Anyone else remember having arguments for years about how SSDs were the best option for many applications, with people who thought they just didn't work properly, and some who thought they would _never_ work?
I actually had a so-called expert who was brought in by someone else insist that my system be run on spinning disks because no SSD was reliable. Nevermind that I had carefully specified an Intel Extreme or whatever that was known to be reliable at the time (he had never heard of it).
I vividly remember the stress when your PC was loading an executable or something, then all of a sudden the system noises stopped indicating no activity, followed by the percentage bar sitting still
I main a PC for which I actually bought spinning rust for /home. I'd seen enough SSDs suddenly give up the ghost to where I didn't trust them for long-term r/w storage.
That's a wonderful nostalgia trip but the sounds are slightly different from what I recall. Perhaps the shape of my beige case caused different sounds.

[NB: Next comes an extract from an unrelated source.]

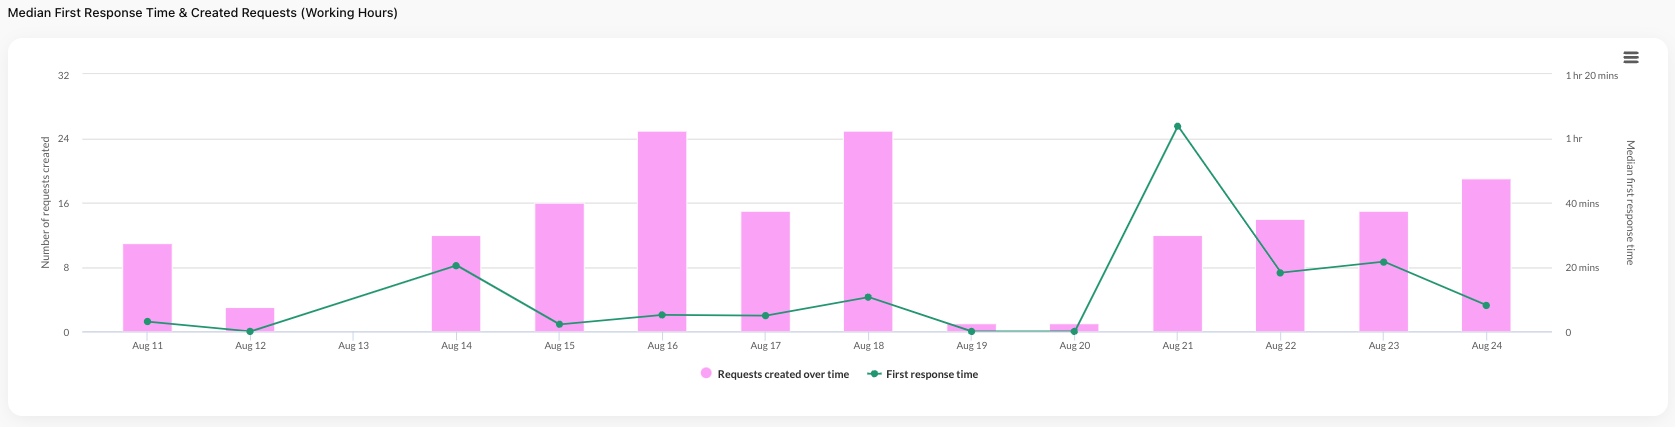 Median First Response Time & Created Requests

this was my inspiration i was going to get this but my power supply doesn't have a Molex and saw there was no alternate software variant so i decided to make this
No, no, no -- there is another sound round corner of one of those plates that can alter the course of your life. Be careful what you wish for.
The year was the early 2000s and the early years of my career. One fine morning, as I started up the work PC, it did its routine, including the HDD sound. I’m going to guess that sound was not the typical sound because that was the day the 2GB HDD (my guestimate, or it should be close to that size) decided to die on me, never to wake up again.
I went from the usual computer repair services to a few people’s homes who had advertised that they could “repair crashed hard drives” but failed. I remember the Bombay heat, the sweaty and frustrating walk asking for addresses in Lokhanwala, Andheri West, Bombay.
That took down all of my work and is one thing I will never forget. That taught me to have backups, and I didn’t break a sweat when a similar one happened in 2005. It wasn’t enjoyable, but I had pretty much everything backed up.
Yes, there is indeed a sound as lovely as it is, but a dreadful one that you will remember. Be careful.
I could tell what phase my desktop was in the boot process by listening to the HDD. Being familiar with autoexec.bat and config.sys, I could even isolate which command was being run. And then Windows begun loading and everything was just a blur of clicks for a while.
Yup, the pause loading HIMEM.SYS was always distinctive. The blur of clicks loading Windows also got faster when switching from the loading screen to the desktop and startup items.
Hearing the drives has been really nice actually, and got me noticing all kinds of interesting and sometimes unexpected behavior going on with my system, and actually helped find a bug with my terminal multiplexer.
With 64GB of RAM my entire home directory fits, so only writes go to the drives, and it's been surprisingly performant for my workloads.